そう言うと、船に乗り込む。次の瞬間また銃声!別ゾンビだ!今度は一撃でゾンビの頭部を破壊した。

「ゾンビ如きが俺に叶うわけないだろうが。幼女のゾンビが出てきたら別だけどな。」

  そう言う豪次は船内の操縦室に入り込んだ。中には幼女のゾンビがいた!

「ぐああああー!!助けてくれー!!」

 

  本堂麻美乃と山岡修造は既に豪次の家近くから離れ、寺をも通り越して、高台へと登っていた。それにしてもこれ程までにこの坂の傾斜が激しかったとは。普段から運動を怠っている二人にはあまりにも辛い試練だった。耳には豪次の物と思われる悲鳴が聞こえてくる。

「やはりあやつ程度では足止めにもならんかったか。」

  今更だが、この二人は戦略とか合理的な行動とかそういう考えは一切持ち合わせていなかった。

「誰だったんだあのおっさん。」

「本土で凶悪犯罪を起こして島流しになった佐渡島豪次さんよ。」

  修造は詳しく聞かない事にした。

  高台は木々に囲まれていた。よくわからないまま高いところに登ったが、これはどういう事なのだろうか。修造は麻美乃を見た。

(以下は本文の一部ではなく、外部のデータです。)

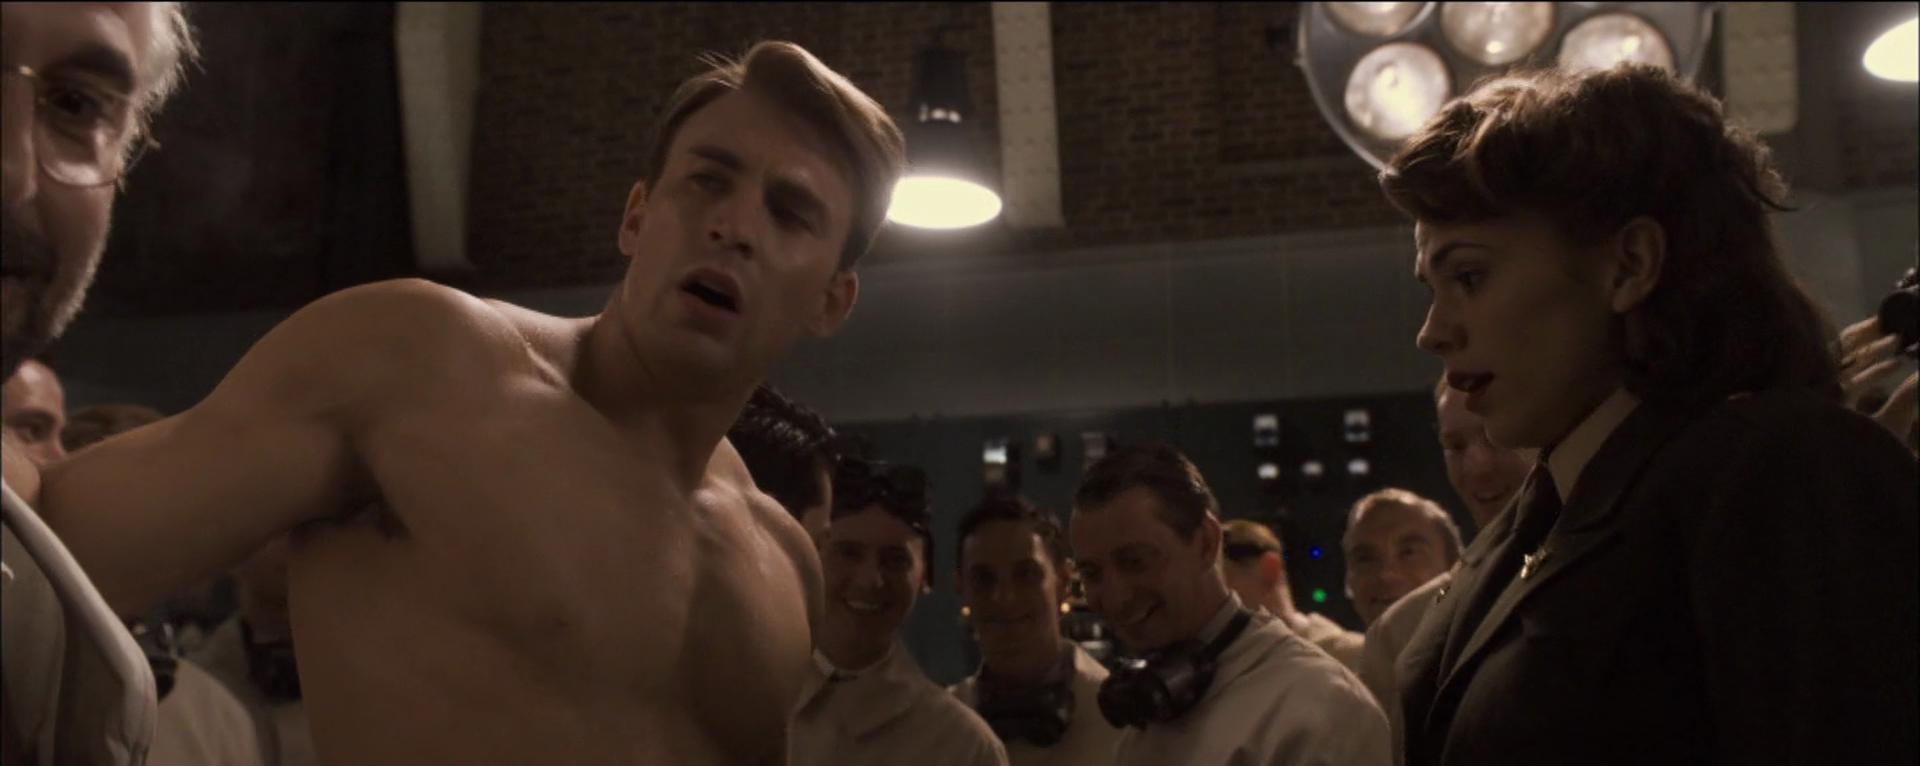 Chris Evans dans Captain America : First Avenger

「さっき豪次から気づかれないうちに灯油を拝借してきたのよ。」

  そう言うと、麻美乃は灯油を坂にぶちまけた。

「これで奴らは登ってこれないわ。」

「下にいる人たち全滅じゃないの。」

「まって!何か聞こえてこない?」

  確かにそうだと修造は思った。何か聞こえてくる。戦車?いや…これは、チャリオット!

  船だ!その瞬間、船が爆発した

!辺りはすっかり暗くなっていたが、その爆発はまるで太陽が西から登ってきたかのような錯覚を覚えるほどの激しさだった。

  それよりも、足音だ。チャリオットのような足音は段々とこちらに近づいて来る。

「豪次さんだ!ヤバイ!豪次さんが来ちゃった!」

  麻美乃が叫んだ。豪次さんは火だるまで坂を駆け上がっていた!

「ヤバイ!何も考えてなかったわ。」

  やっぱりそうだったのだ。麻美乃はわりと後先考えないところがあった。

「うおあおお!!」

  豪次が坂にぶちまけられた灯油に触れた。

「うわ」

  坂が爆発した。修造と麻美乃も吹き飛ばされた。咄嗟に修造は麻美乃を抱えるようにして林の茂みに飛び込んだ。生木は燃えにくい。

「やったぜ。」

  坂を見ると、そこには焼け焦げたアスファルトと肉片が転がっていた。

「きゃー爆発よー」

  そこら中から悲鳴が聞こえる。既に、辺りには騒ぎを聞きつけた野次馬やパンク人間達が集まりつつあった。

「なんだなんだ。」

「祭りか?」

「祭りなのか?」

  パンク人間達は松明とかを持ち出していた。このままでは騒ぎに乗じた暴徒達によって街は破壊されてしまうだろう。それはゾンビとどっこいどっこいの恐ろしさだ。

「うおおお殺せー!!」

  突然、一人のモヒカンがそこらへんにいた若者をギターで殴った。

「殺せー!!」

「殺せー!!」

「人間どもは殺せー!」

  モヒカンの暴力を合図に、パンク人間達は一斉に凶暴化した。

「あのモヒカンは。」

  修造はギターで若者を滅多打ちにするモヒカンに見覚えがあった。あれは。

「あれはアーマードドラゴンインペイルメンツのメンバーの人じゃないか。どうしてこんなところに。」

「この島狭いからね。」

  麻美乃は冷たく言った。そう、この島は狭いので、超有名バンドの人とかも普通にスーパーとかで会うのだ。

「あの人はアーマードドラゴンインペイルメンツの人なんだよ。名前は忘れたけど。」

  修造は興奮気味に言った。

「私、ペンペンリーフ派だから。」

  この瞬間、二人の間に名状し難き緊張感が生まれた。

  一方、暴徒達の蜂起はなおも激しさを増しており、既に高台は大パニックに陥っていた。

「早くここから脱出しないと。」

  そう言うと、二人は林の中を進んで行った。何か暴徒達に突っ込んで行く影が見えたような気がしたが、そんなことはよくあるので無視した。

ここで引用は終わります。